Pictures in the listing do not belong in the copy, which should repeat exactly the lines from the one holding "Radreise Pommern<br> Polens" through the last line.

INFORMATION PROVIDED
**********
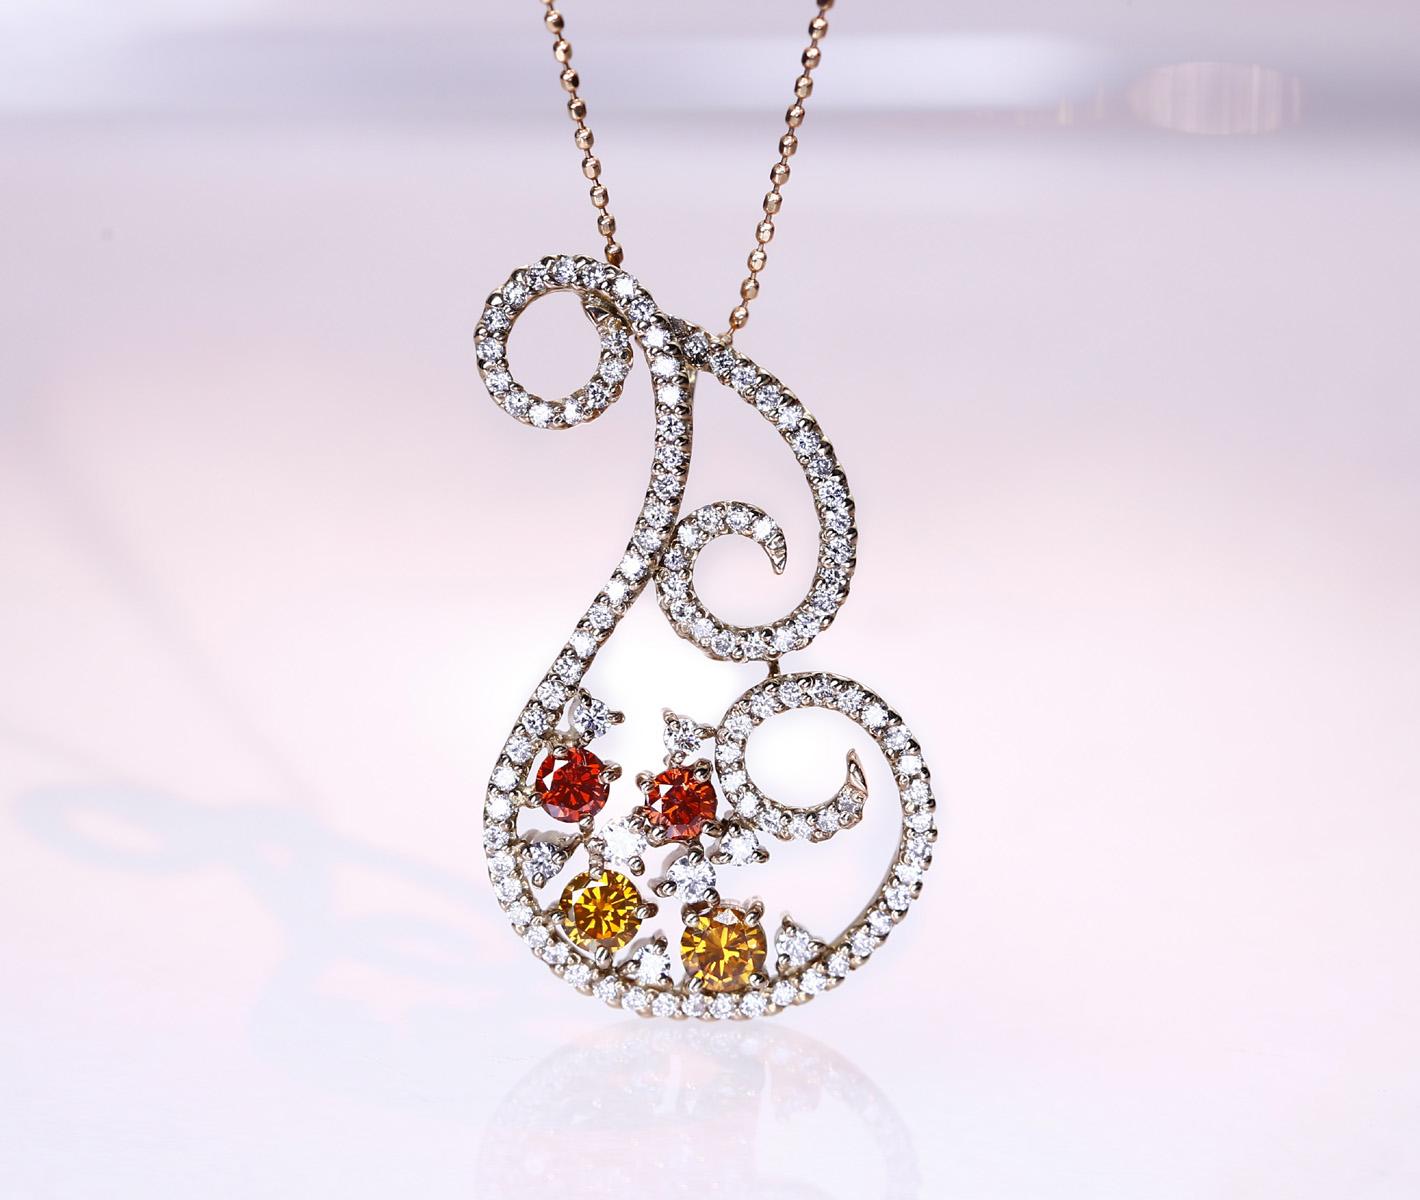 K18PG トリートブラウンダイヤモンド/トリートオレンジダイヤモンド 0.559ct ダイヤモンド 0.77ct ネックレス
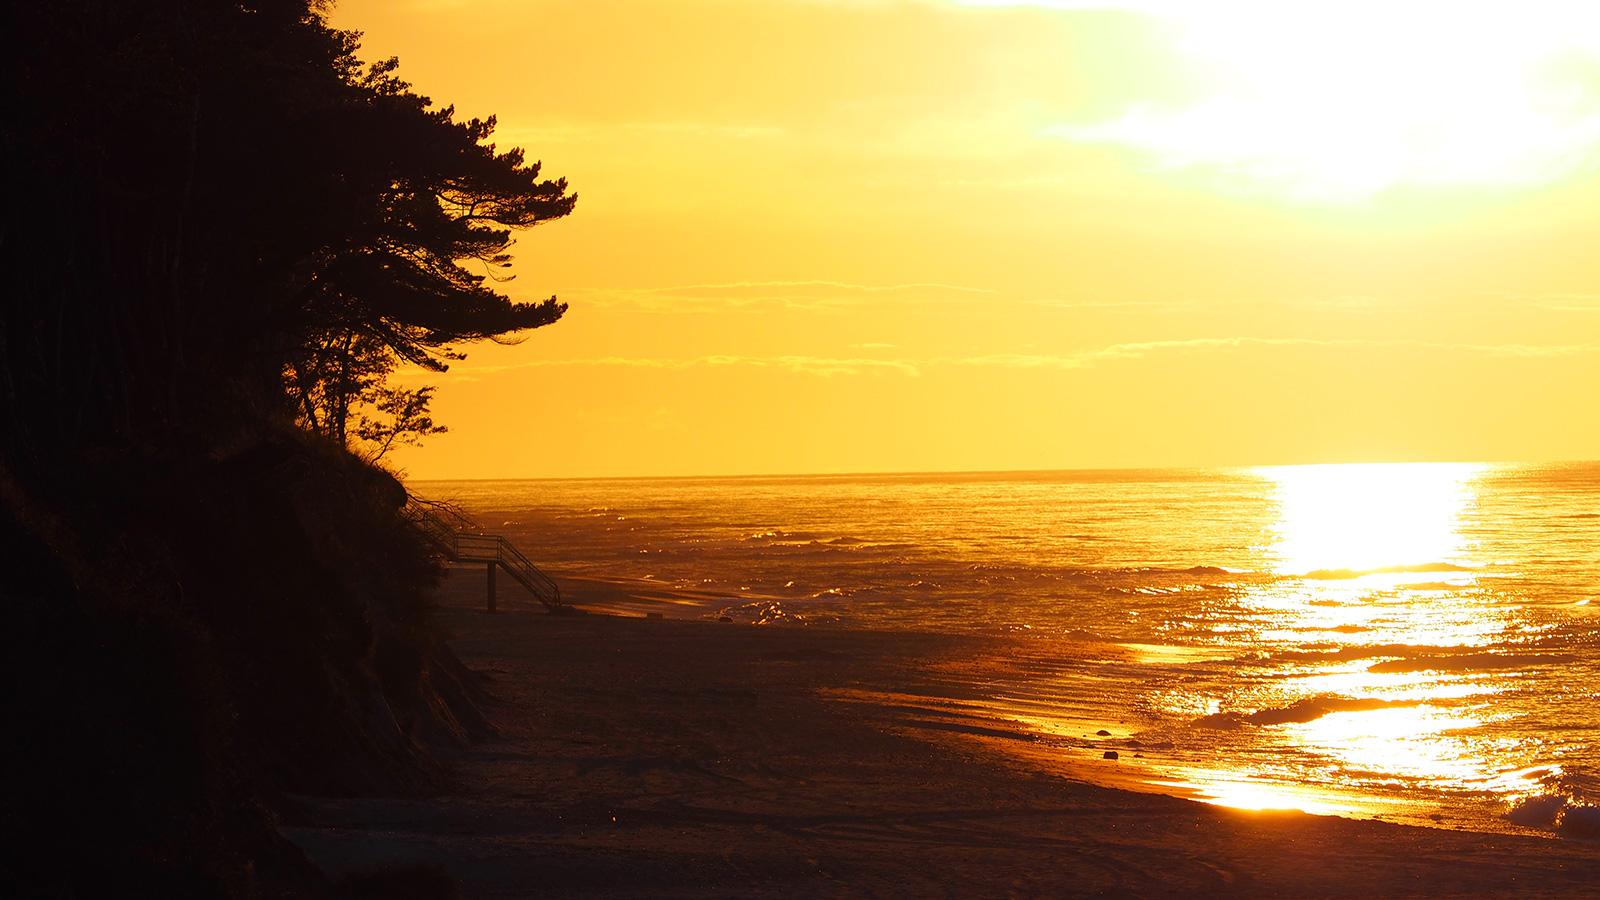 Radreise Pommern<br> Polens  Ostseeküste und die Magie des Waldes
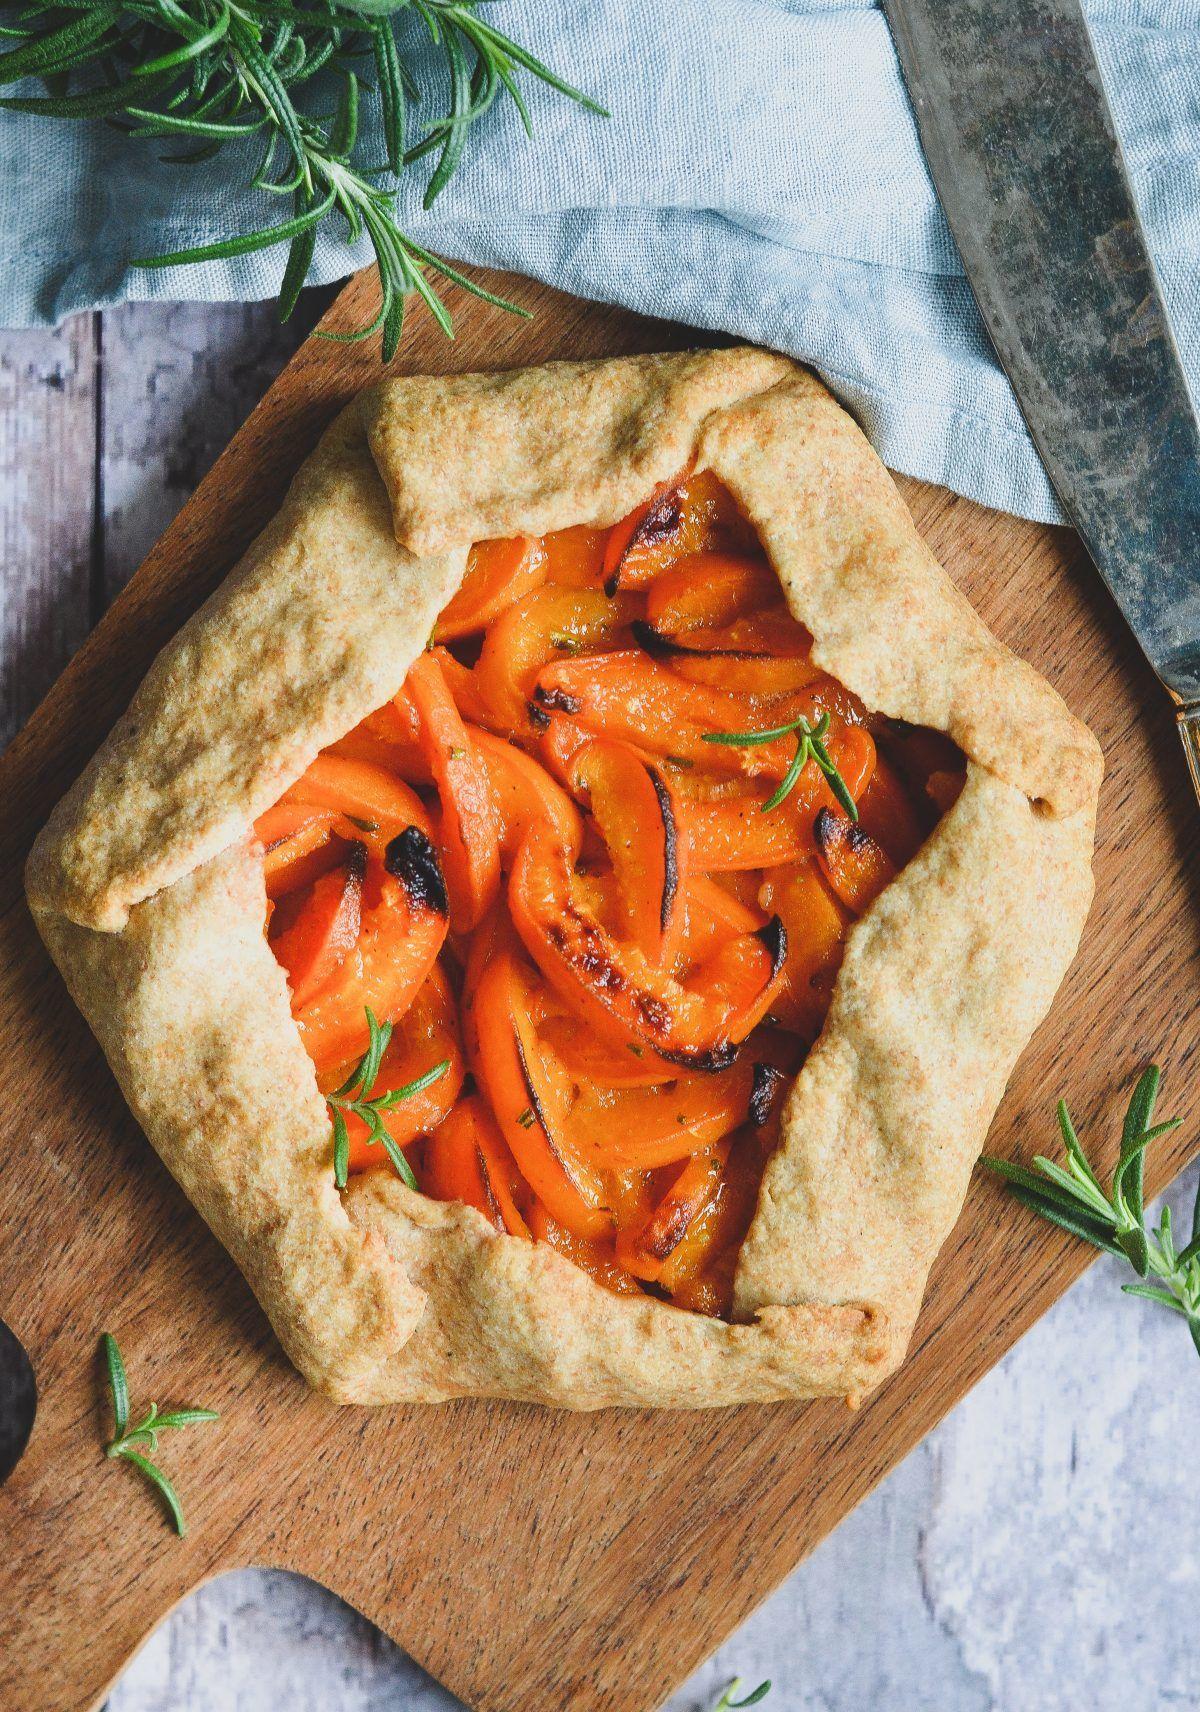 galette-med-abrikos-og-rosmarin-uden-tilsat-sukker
**********
ANSWER SPACE
 Radreise Pommern<br> Polens  Ostseeküste und die Magie des Waldes
 galette-med-abrikos-og-rosmarin-uden-tilsat-sukker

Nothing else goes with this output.